What is the aim of this directive?
- It seeks to increase consumer protection by harmonising several key aspects of national legislation on contracts between customers and sellers.
- It encourages trade between EU countries, particularly for consumers buying online.
Other than some exceptions such as package travel and holidays or financial services, such as consumer credit and insurance, this directive covers contracts between traders and consumers on the sale of goods, services (such as the supply of water, gas, electricity and heating), and online digital content. It replaces the distance selling directive (97/7/EC) and the doorstep selling directive (85/577/EEC).
Before concluding a contract, traders must provide to consumers, in clear, understandable language, information, such as:
- their identity and contact details,
- the product’s main characteristics, and
- the conditions that apply, including payment terms, delivery time, performance and duration of the contract and termination conditions.
In shops, only information which is not already obvious must be provided.
Information requirements, particularly on the right of withdrawal, are more detailed for postal, telephone or online contracts and off-premises purchases (where a trader visits a consumer’s home).
Right of withdrawal
Consumers can withdraw from distance and off-premises contracts within 14 days of the goods’ delivery or conclusion of the service contract, subject to certain exceptions, without any explanation or cost. A standard withdrawal form provided by the seller suffices. If the consumer is not made aware of their rights, the withdrawal period is extended by 12 months.

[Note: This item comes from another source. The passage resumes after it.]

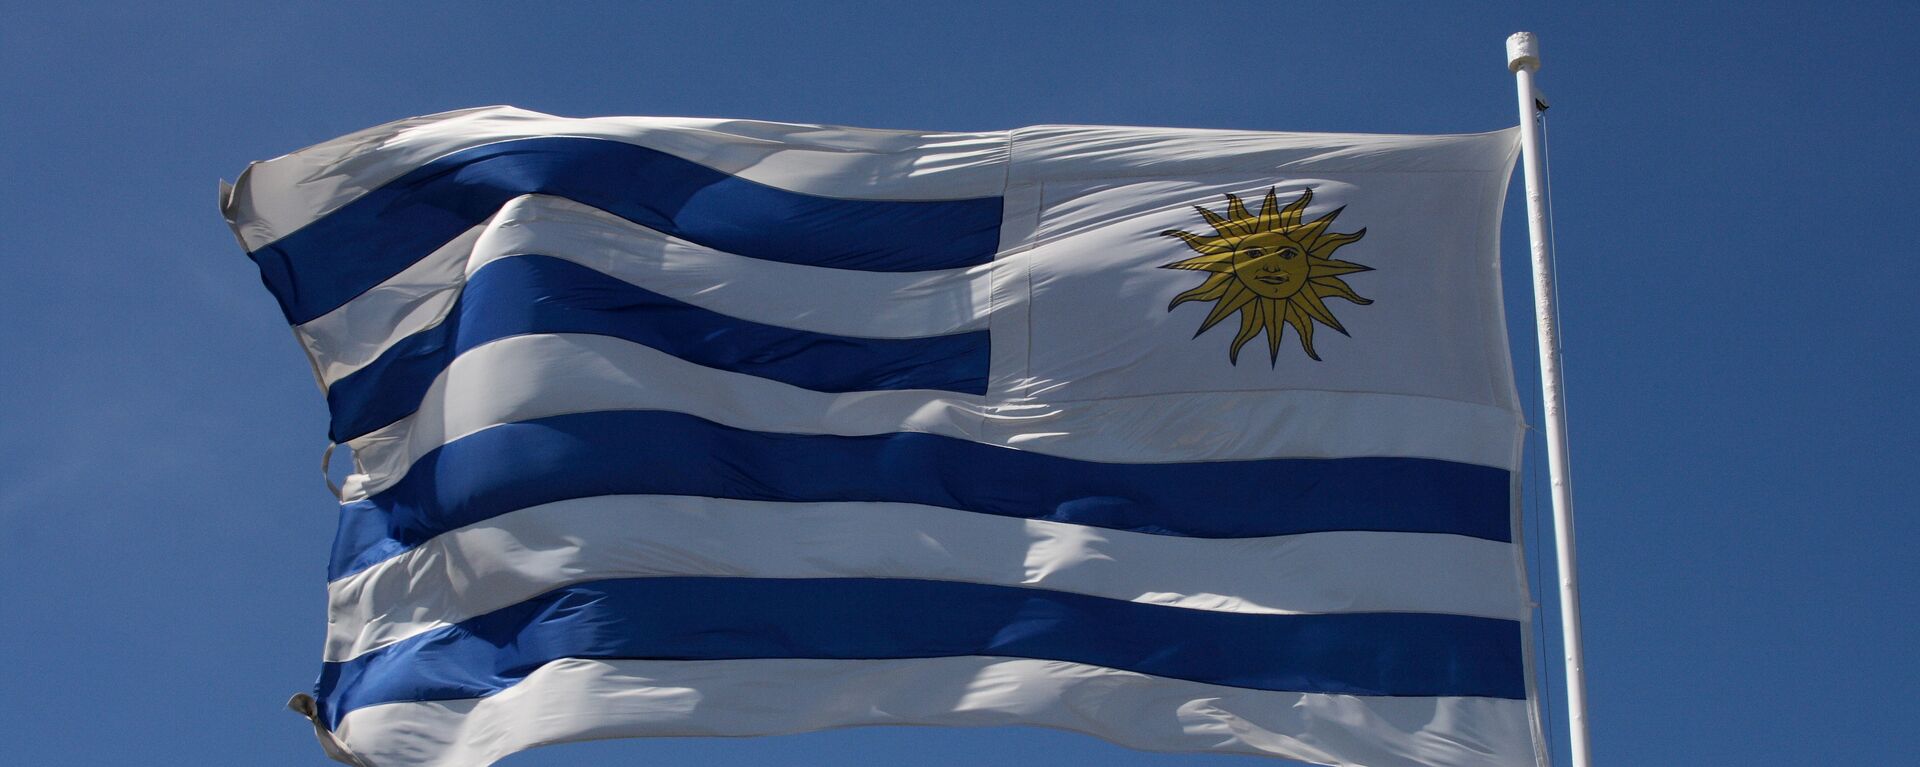 La bandera de Uruguay - Sputnik Mundo, 1920, 26.01.2021

Exemptions apply for rapidly perishable goods, sealed goods opened by the consumer which cannot be returned for health or hygiene reasons, and hotel reservations or car rentals which are tied to specific dates.
No unjustified payment costs or additional charges
Traders must not charge consumers fees that are more than the cost to the trader of the type of payment involved.
When phoning a trader to enquire or complain about a contract, the consumer must not pay more than the basic telephone rate.
Traders must have a consumer’s express consent when offering additional paid-for services. Pre-ticked boxes on an order form may not be used for such payments.
From when does the directive apply?
It has applied from 12 December 2011. EU countries had to incorporate it into national law by 13 December 2013. The directive applies to contracts concluded after 13 June 2014.
For more information, see ‘The Directive on Consumer Rights’ on the European Commission's website.
Directive 2011/83/EU of the European Parliament and of the Council of 25 October 2011 on consumer rights, amending Council Directive 93/13/EEC and Directive 1999/44/EC of the European Parliament and of the Council and repealing Council Directive 85/577/EEC and Directive 97/7/EC of the European Parliament and of the Council (OJ L 304, 22.11.2011, pp. 64–88)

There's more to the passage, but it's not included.